Periodic orbits and observational accretion disk around a Schwarzschild-like black hole surrounded by dark matter halo
- Received Date: 2026-01-30
- Available Online: 2026-08-01
Abstract: In this work, we investigate the dynamics of periodic orbits and the properties of accretion disks around a Schwarzschild-like black hole (BH) immersed in a King-type dark matter (DM) halo. Our analysis focuses on how the presence of the King DM halo influences both the behavior of periodic orbits and the radiative characteristics of the accretion disk.
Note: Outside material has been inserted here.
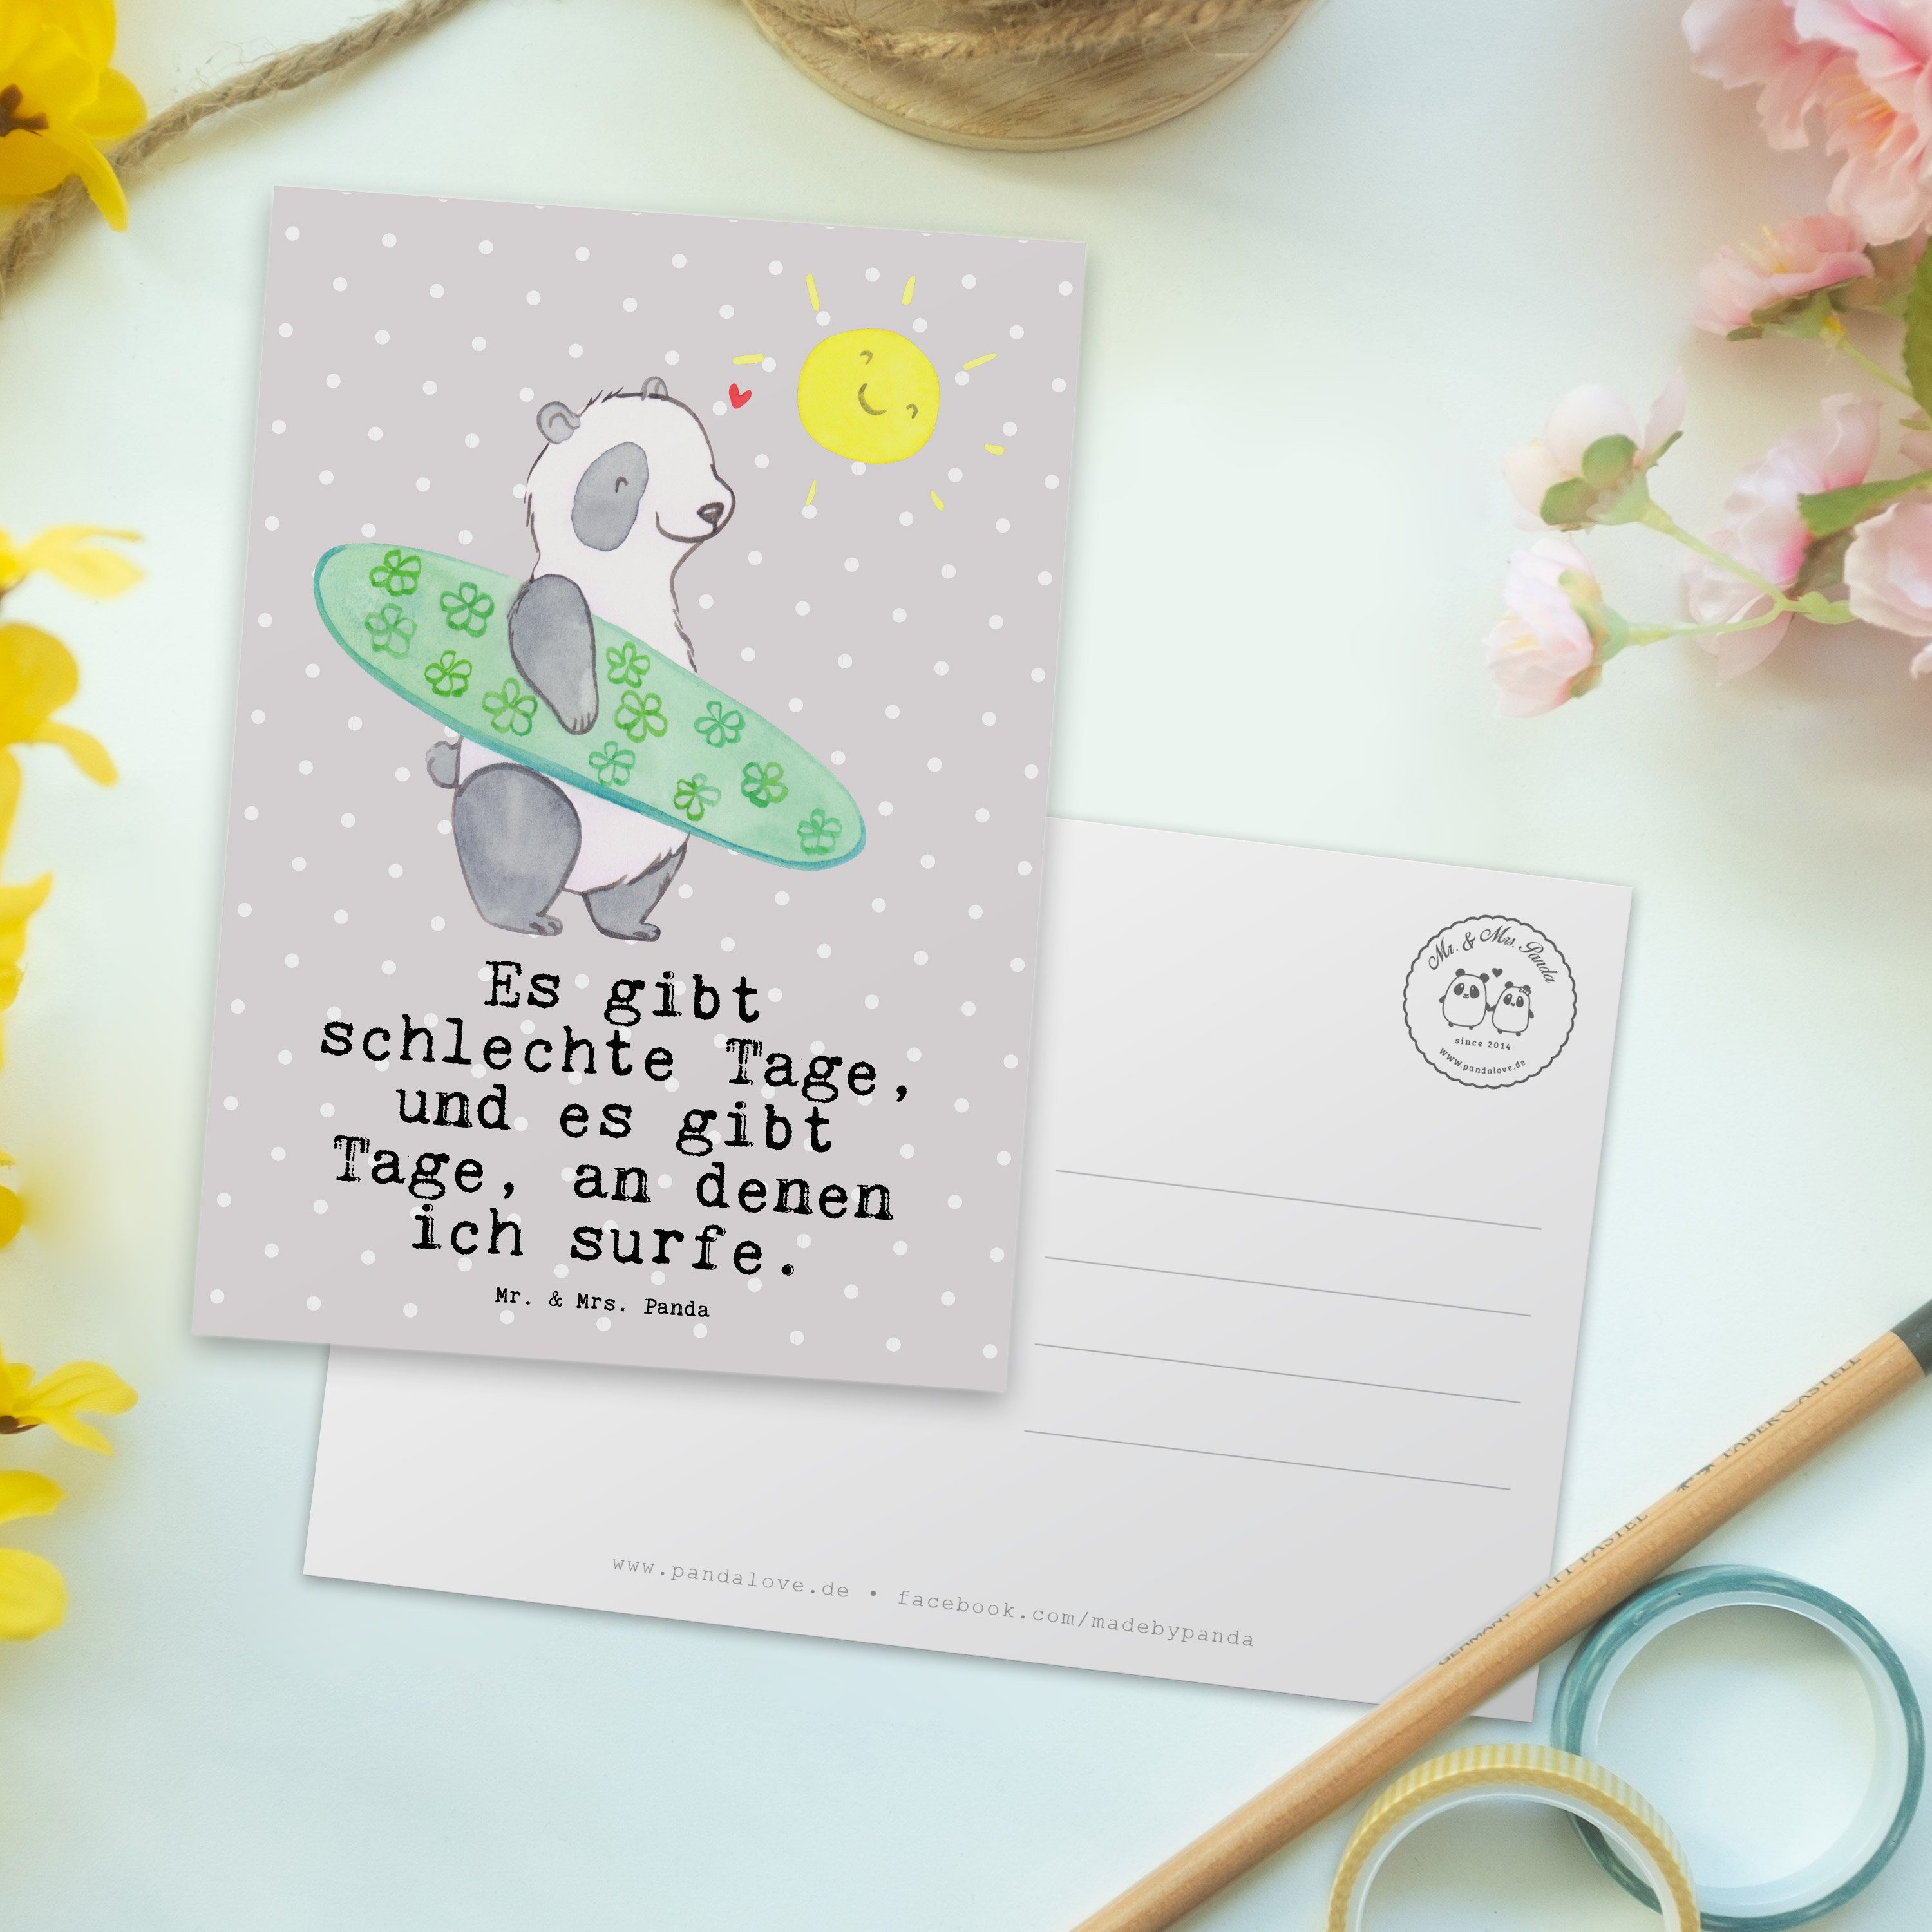 Panda Mr. Tage Grau Surfen & Karte, Geschenk, Postkarte Mrs. - Wellenreiten, - Panda Pastell Spo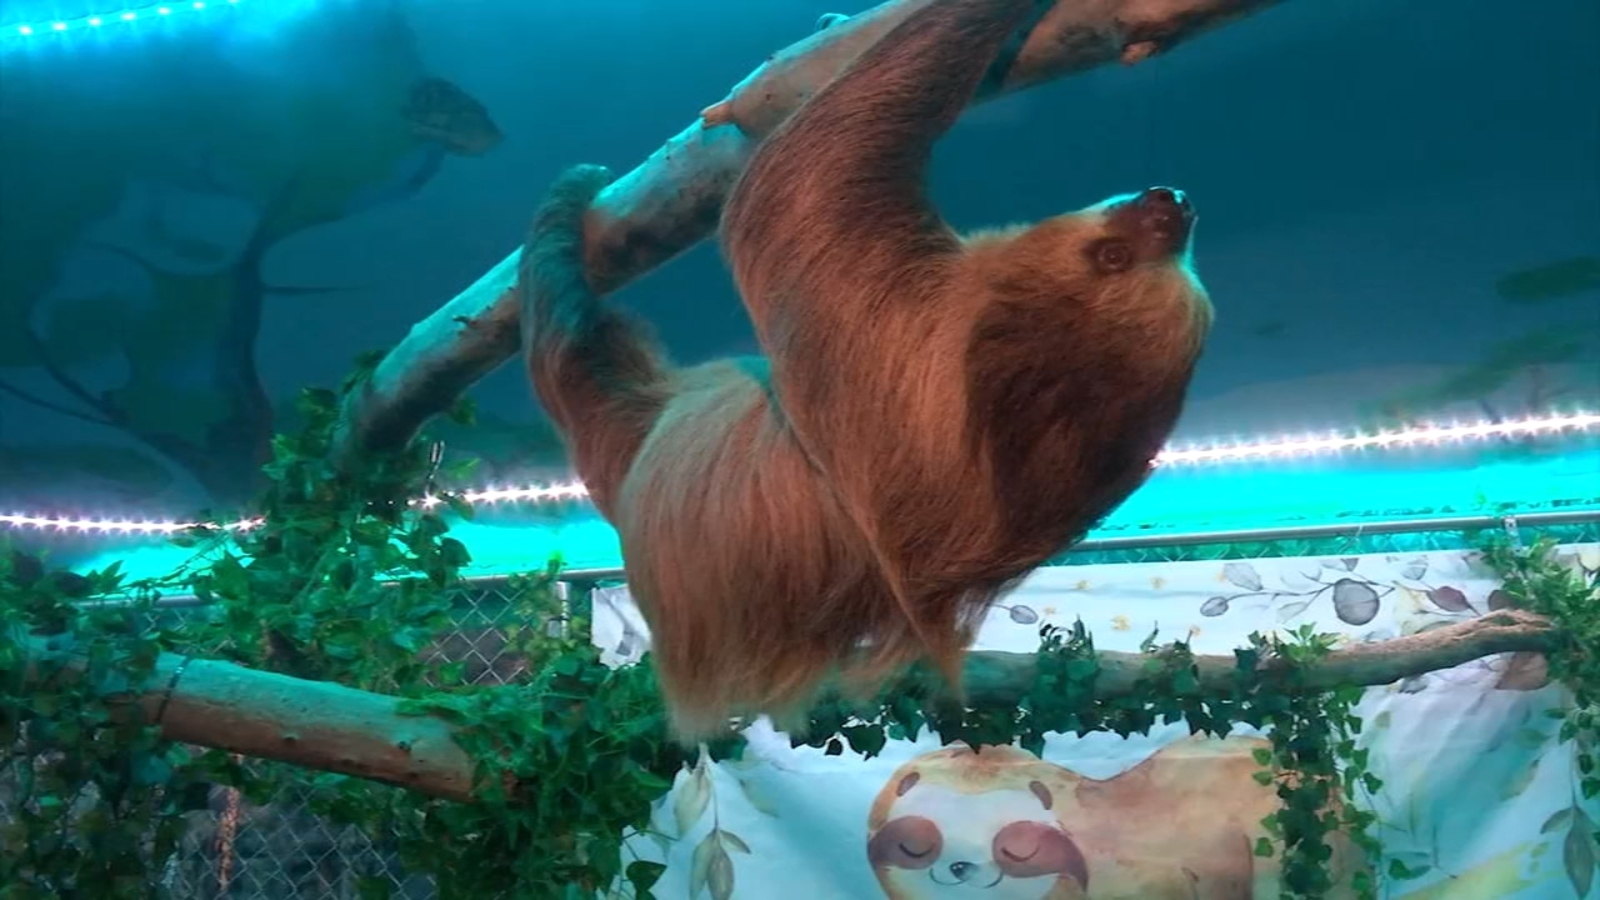 Animal activists fight to shut down sloth exhibit in Hauppauge New York

We begin by examining time-like periodic geodesic orbits for various configurations characterized by different energy and angular momentum values, represented by the integers $ (z, w, v) $. Furthermore, we explore the effects of the King DM halo on time-like periodic geodesics, marginally bound orbits, and innermost stable circular orbits, thereby providing a deeper understanding of how the DM halo environment modifies the behavior of these stable orbits and timelike particle geodesics. Finally, we analyze the null geodesics and the accretion disk properties by studying their direct and secondary images, redshift distributions, and radiation fluxes as observed at infinity for a range of inclination angles. This approach allows us to gain valuable insights into the spacetime geometry of a Schwarzschild-like BH within the King-type DM halo, its physical and radiative properties in the accretion disk, and the corresponding observational implications.